Moe (Moe Howard): Don’t worry, it was just an accident.
[grabs the beer mug and smashes it on Larryâs head]
Moe (Moe Howard): That was no accident. Who did you think I was, a customer?
[grabs him by the hair]
Moe (Moe Howard): What kind of drink is that?
Curly (Curly Howard): That’s my own brand, a Western surprise.
Moe (Moe Howard): There’s no liquor in that!
Curly (Curly Howard): That’s the surprise!
Moe (Moe Howard): A dumb guy like that can dig up gold, so can we. C’mon.
Curly (Curly Howard): Ooh, we get to be golddiggers!
Curly (Curly Howard): I can see it now, I come home from a hard days work, I whistle for the dog and my wife comes out!
Curly (Curly Howard): I’ll cook the supper. How about scrambled eggs smothered in steak?
Larry (Larry Fine): Sounds swell to me. Where are the eggs?
Curly (Curly Howard): On top of the burro, so they’ll be nice and fresh in the sun.
Larry (Larry Fine): Yeah, well … get goin’ before we starve here. C’mon.
Curly (Curly Howard): Oh, fresh henfruit. Handle with care.
[tosses eggs to Moe]
Curly (Curly Howard): A sack of flour comin’ down!
[Tosses sack of flour down. Moe is forced to drop the eggs to catch the flour]
Larry (Larry Fine): Ya nitwit, now you broke the eggs!
[Newly hatched chicks are walking around the broken eggs]
Curly (Curly Howard): So what? We’ll have steak smothered in lamb chops … and maybe chicken on the side! Nyuk nyuk nyuk.
Larry (Larry Fine): Well, you fix it, I’ve got some prospecting to do.
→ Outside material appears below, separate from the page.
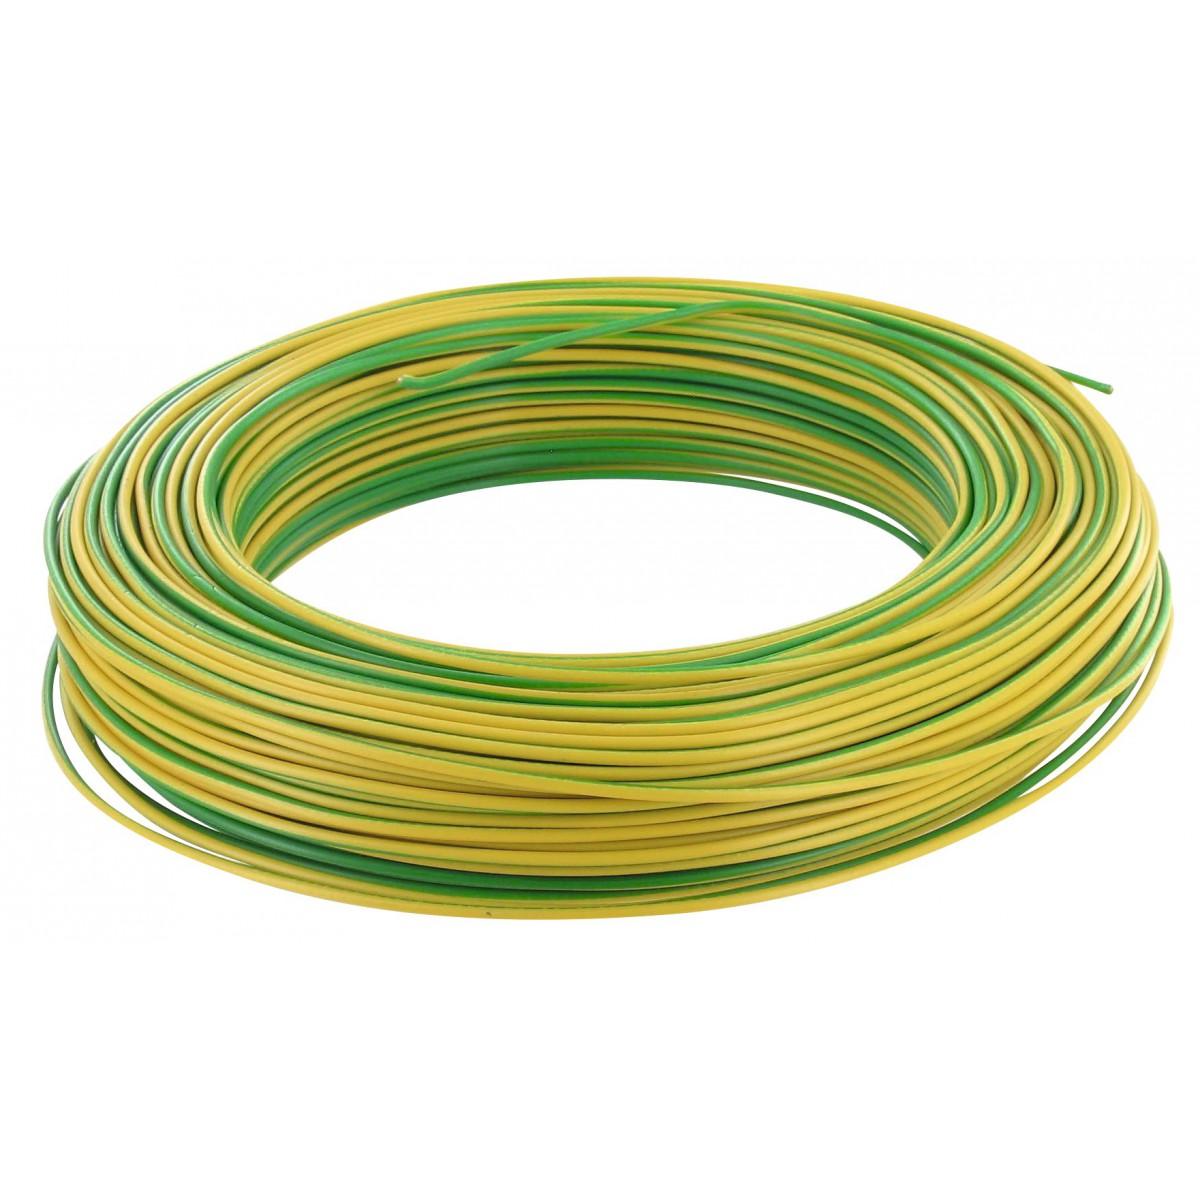 Fil H07 V-U 1,5 mm² - Couronne 100 m - Vert / jaune

Hand me down that dynamite, and be careful!
Curly (Curly Howard): I’ll handle it as if it were eggs! … I mean, I’ll be careful!
Moe (Moe Howard): It’s all your fault! If you hadn’t thrown the rock, I wouldn’t have thrown the dynamite, and Yorick would still be here!
Larry (Larry Fine): Oh boy, solid gold!
Moe (Moe Howard): And 14 karat too!
Curly (Curly Howard): Carrots? That don’t look like a vegetable to me!
Moe (Moe Howard): I’ll give you a cauliflower ear! [slaps Curly]
Moe (Moe Howard): Them is bonds!
Larry (Larry Fine): Bonds? Whoever heard of getting bonds out of the ground?
Moe (Moe Howard): Why not, them is gold bonds!
Curly (Curly Howard): Gee, ain’t nature wonderful!
Moe (Moe Howard): And all the time I thought we had a bonanza.
Curly (Curly Howard): Yes, we have no bonanzas!